The BBC very specifically told us that this wouldn't happen. They said the local press might get in touch if we get to the final, but the nationals don't care. Two days after that we were on the front page of The Mirror, the Daily Mail and The Sun

The Attention 
About three years after the show had been on I was getting off a bus at Victoria Station when this guy came up to me saying, Allright Jordan, you don't recognise me do you?" I had no idea who it was. Turns out he'd met me three years earlier, asked for a photo and, for the entire time, had had it as the background on his phone. That was a lot to take in! I expect the BBC prepare people a bit more for it now, but back then it was crazy how little they prepared you for it. Twitter wasn't as big back then, but I was amazed at the level of vitriol that was thrown around toward people that weren't quite baking a cake correctly. It was a brutal time, but the negativity was definitely outweighed by the positivity. 

The Global Impact
My wife and I got married in Las Vegas, and spent a few days in LA afterwards. One night we went into a vegan butcher on Venice Beach, and there was a girl who was levitating with excitement because she’d seen me outside - it blew my mind. We're talking five years after the show was on TV, on the opposite side of the world - why would she know who I am? But it shows how big the show's impact is. I ask myself, if I'd known how big it would have all gotten, would I still have applied? The answer is probably not. But that isn't to say that lovely things haven't come out of it, and things are much calmer now. I made an effort to distance myself from it all a few years ago. I didn't want to be known as that guy who did that thing years ago. 

Elizabeth McKenna
The Apprentice - Series 13

The Motivation
I went on The Apprentice to get the investment from Lord Sugar and win.
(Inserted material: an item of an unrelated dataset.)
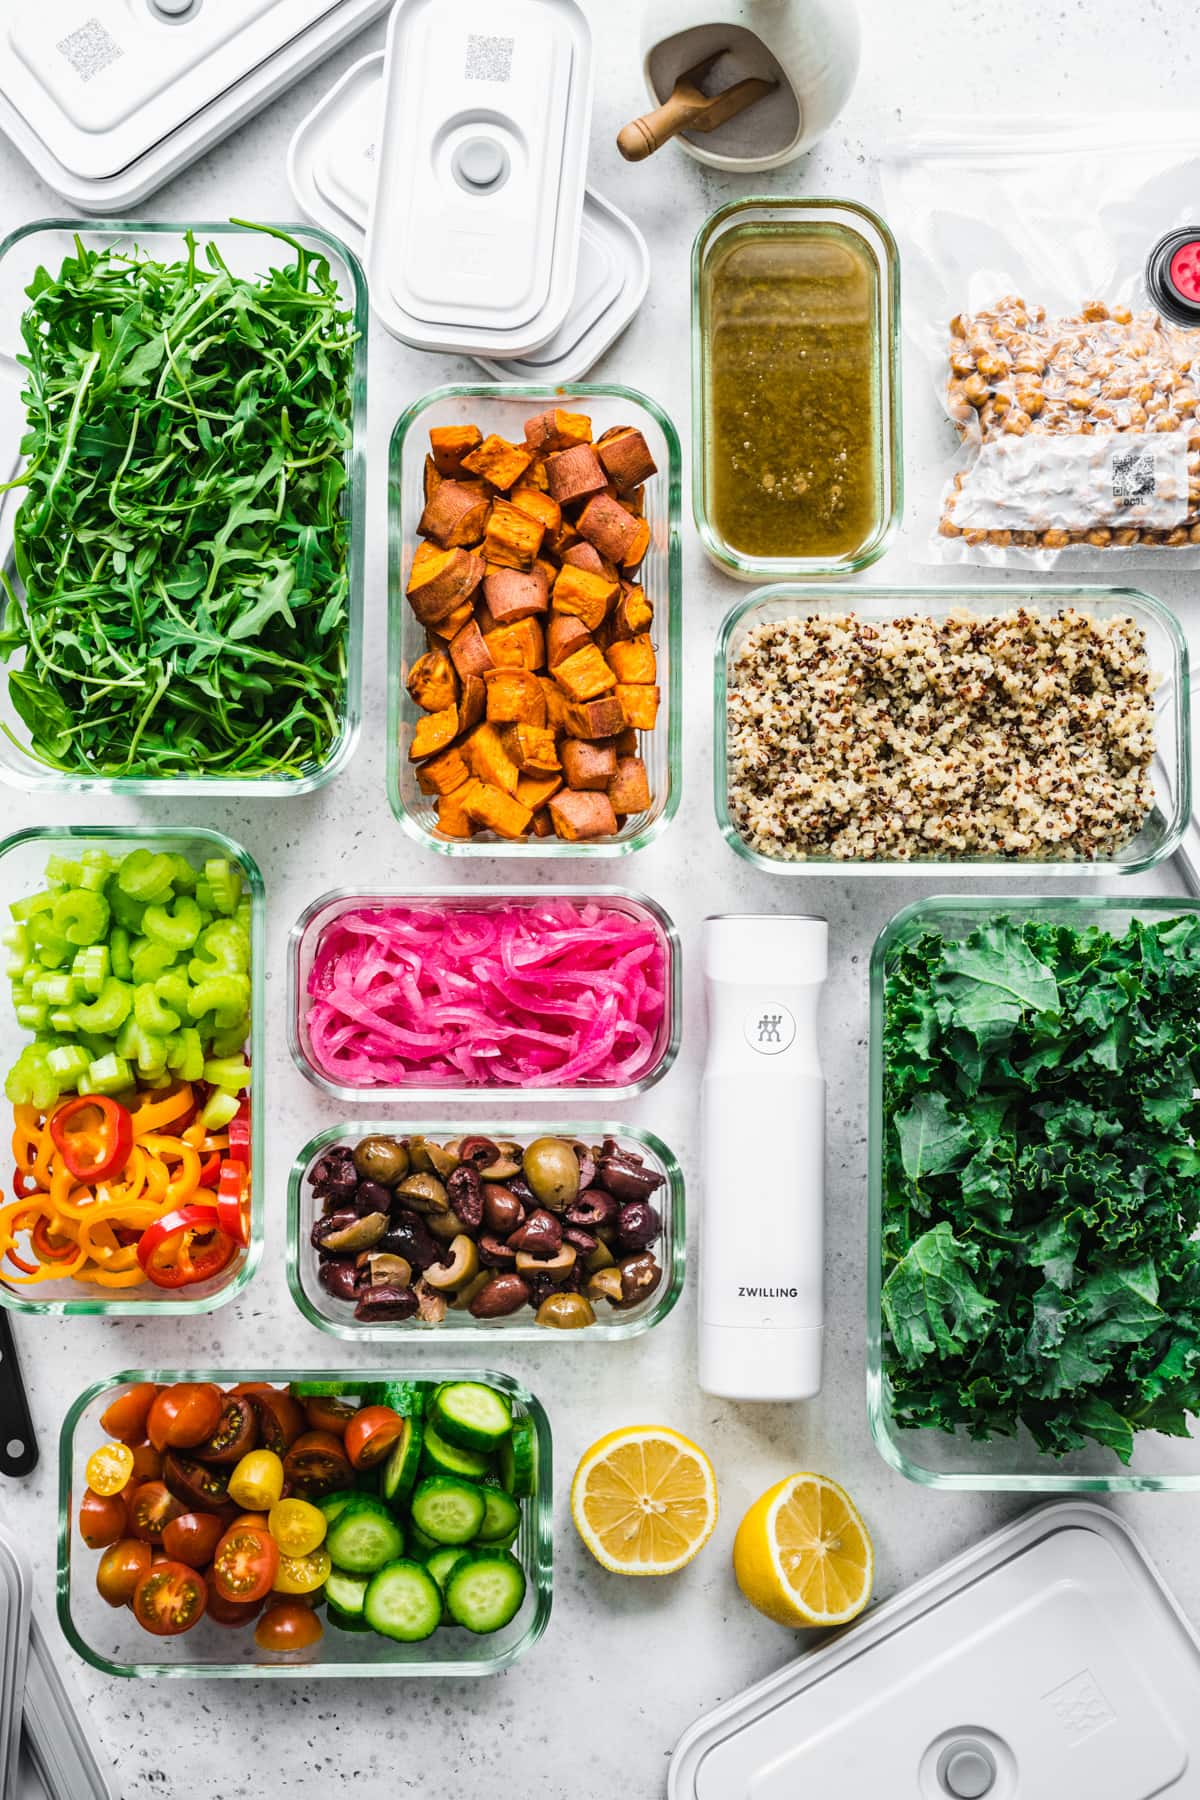 overhead view of several meal prep containers filled with various salad ingredients, like roasted and raw sliced vegetables, greens, quinoa, etc.

End of. I didn’t see The Apprentice as reality television - to me that’s programs like Big Brother and TOWIE so I didn’t really realise exactly what I was getting myself into at the time. There was a selection of candidates who were there purely on the reality television track - they didn't really have a business concept, they just wanted telly exposure to see where that would take them. 

The Process
They call The Apprentice ‘the process’, and I never really realised what they meant by that until I got into it. Every day is just a process of whittling the competition down. It is a competition and I’m very competitive. Everybody there can potentially do something that gets you fired. You have to be careful on all fronts. 

The Editing
Running around chasing chickens and all that stuff did actually happen - you’re not scripted in any way as to what you do. They’ll just lay something out in front of you, and leave you to it and film what happens. The difference between what I was experiencing and what you see on television is what an individual says and means and how this can be perceived when the show airs can be very different.

The Trolls
I feel that a lot of my privacy has gone. The problem with reality television is that people think you’re fair game for abuse. I didn’t have social media until the week before The Apprentice launched, and I didn’t know that there were people who just rage there. I found the more tongue in cheek things, like ‘She looks like David Walliams in drag,’ funny because I’m not the quintessential Apprentice candidate. I’m 6’2”, size 16 and never wear heels or dresses. But the nasty, more personal comments got to me. To be honest, that doesn't come from the wider Twitter community - the worst abuse I've had is from Nottingham people. I will say that when you see these reality TV people on their knees with depression, you should believe everything you hear about them being alone and under pressure. 

The Rough with the Smooth
For me, The Apprentice wasn’t social media. It was meeting the best group of people I’ve ever known, and going through an experience only a very small number of people will ever get to do. It was a really positive experience in my life. Lord Sugar shook my hand and told me that I represent 90% of the businesses in the country - the small businesses - and that I should be proud of how I’d represented them. When I was fired, I told him that it had been my honour and please, and thanked him. I genuinely meant it. The social media rubbish and pressure of being a public figure that came afterwards is just different from the show. 

The Legend
One of my life's bucket list items was to go on Mastermind. I went on Celebrity Mastermind and I won it, hands down. My subject was Watson Fothergill, the Nottingham architect and I was very proud to have won with a Nottingham subject. 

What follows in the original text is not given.